━━━━━ Exercise data
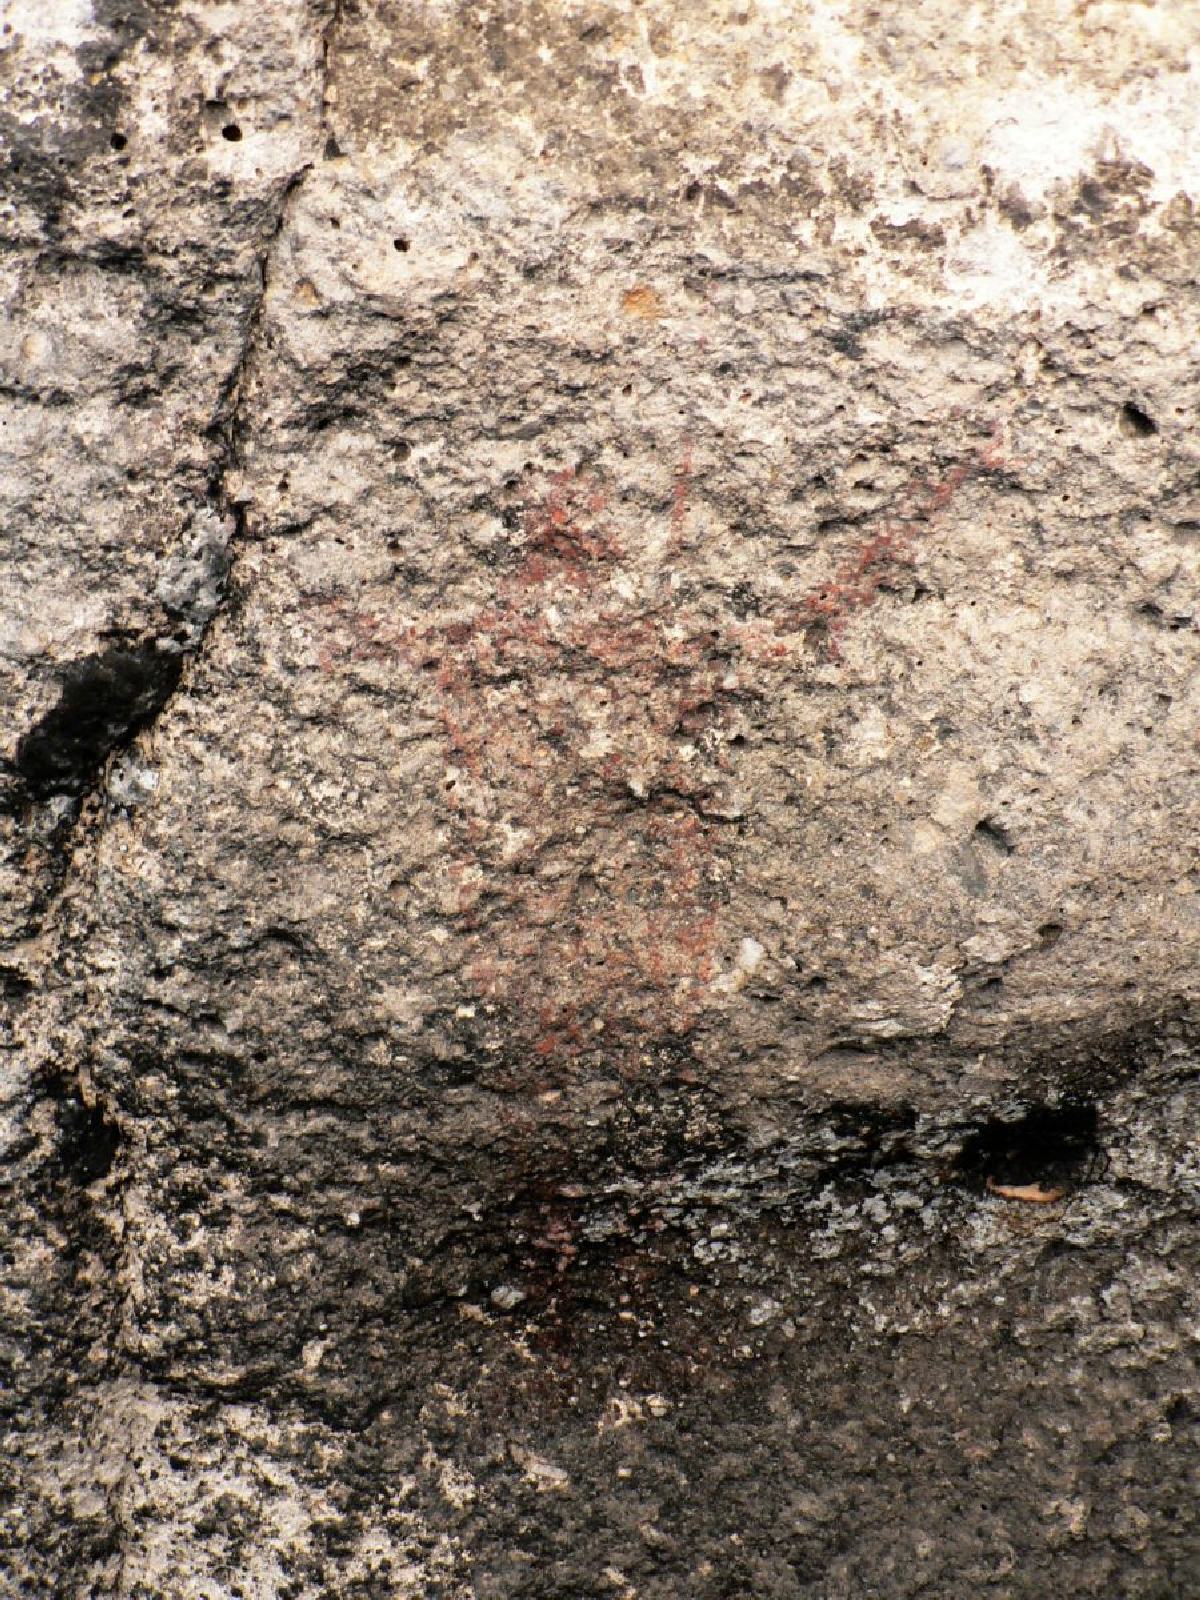 Near Soledad is another cave with faint smudges on its walls.
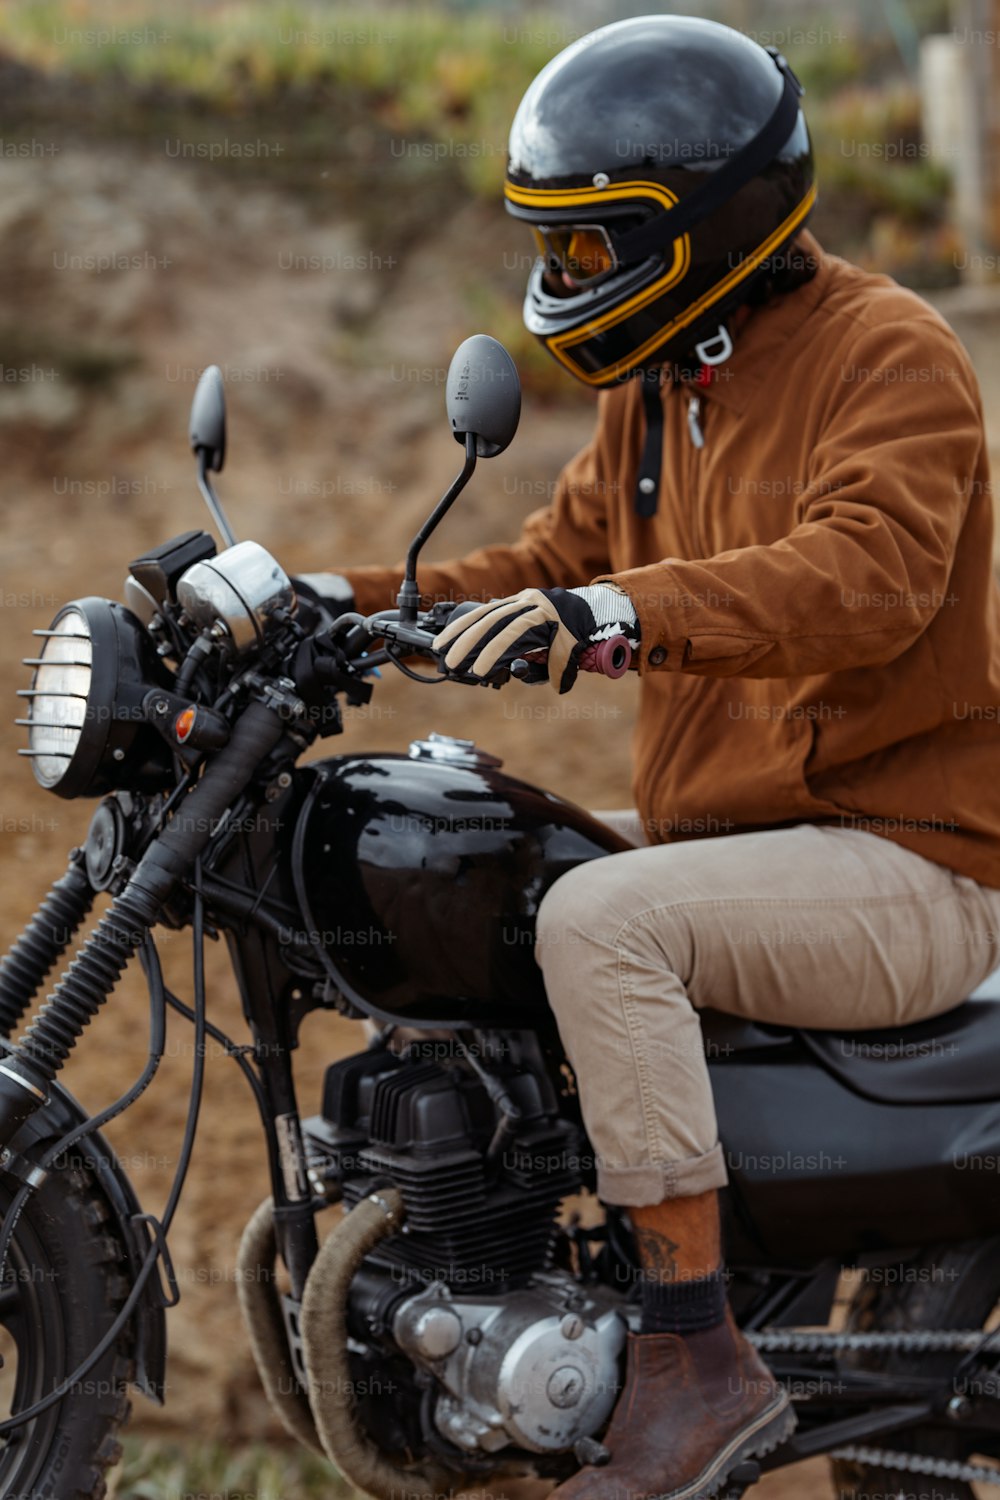 a man in a helmet is riding a motorcycle
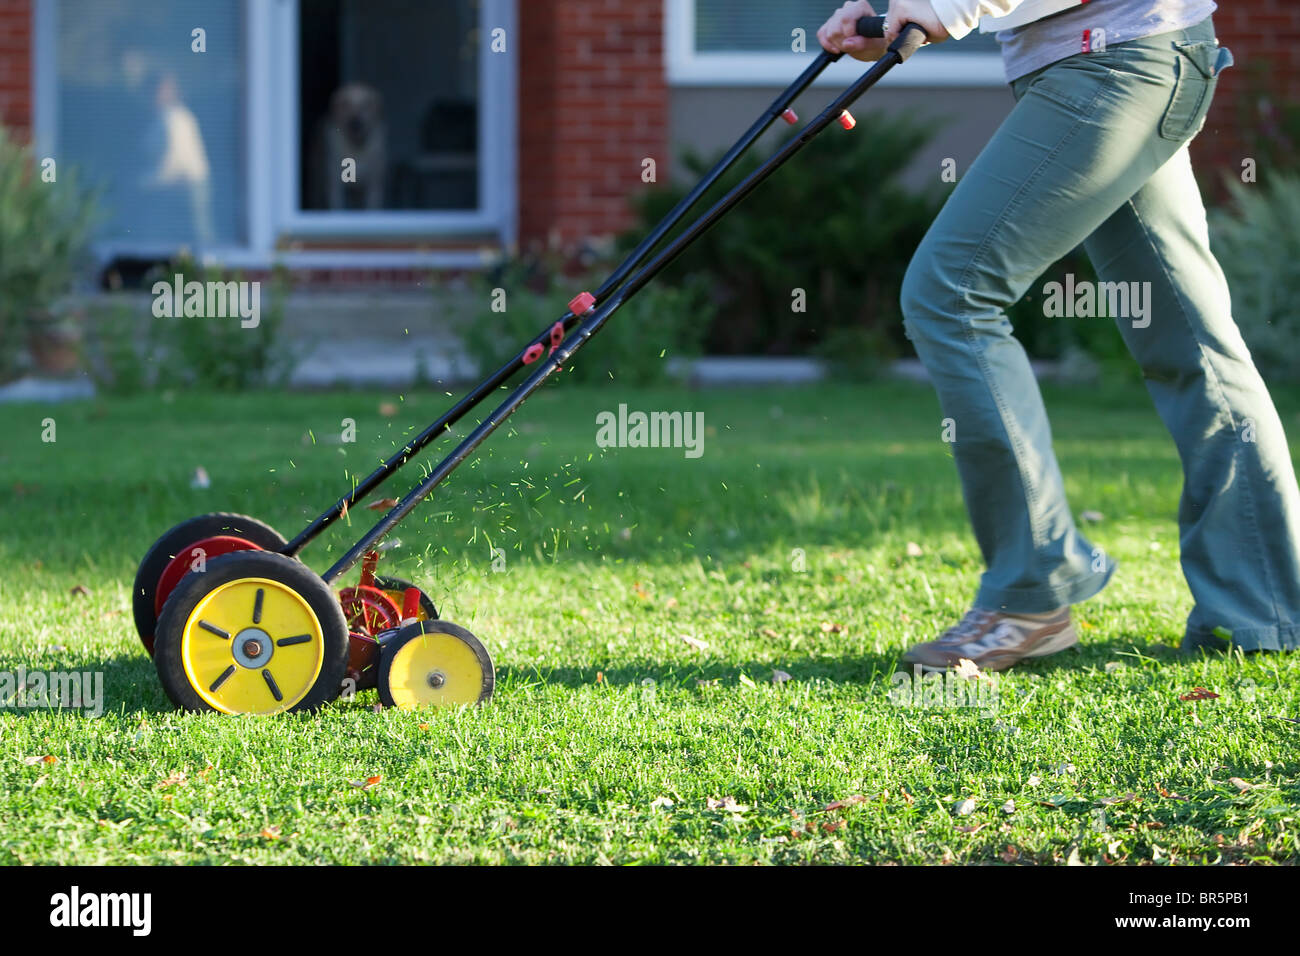 Woman cutting grass with an environmentally friendly lawn mower. Stock Photo
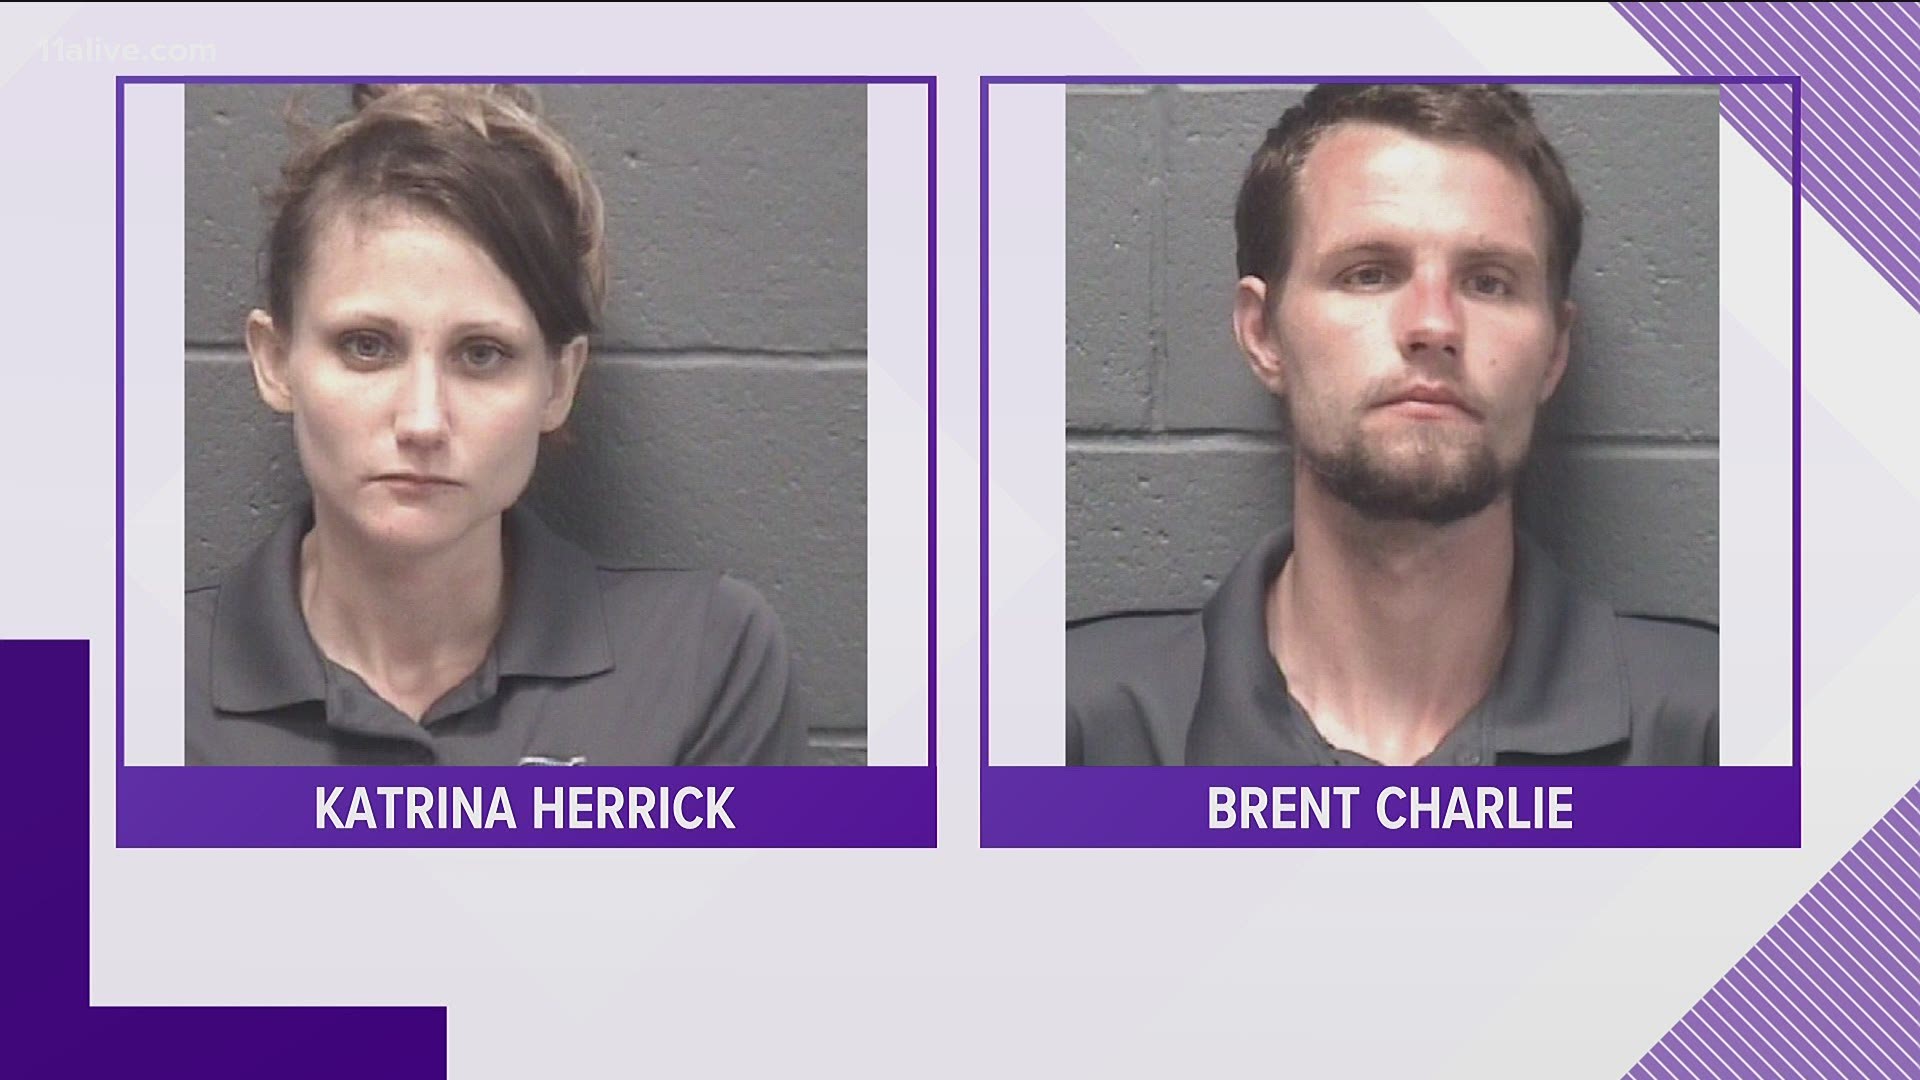 Authorities said they found several bags of meth in the suspects' car.
━━━━━━━━━━
:: To do ::
Could you return the whole listing exactly, images excluded?

:: Exercise result ::
 Near Soledad is another cave with faint smudges on its walls.
 a man in a helmet is riding a motorcycle
 Woman cutting grass with an environmentally friendly lawn mower. Stock Photo
 Authorities said they found several bags of meth in the suspects' car.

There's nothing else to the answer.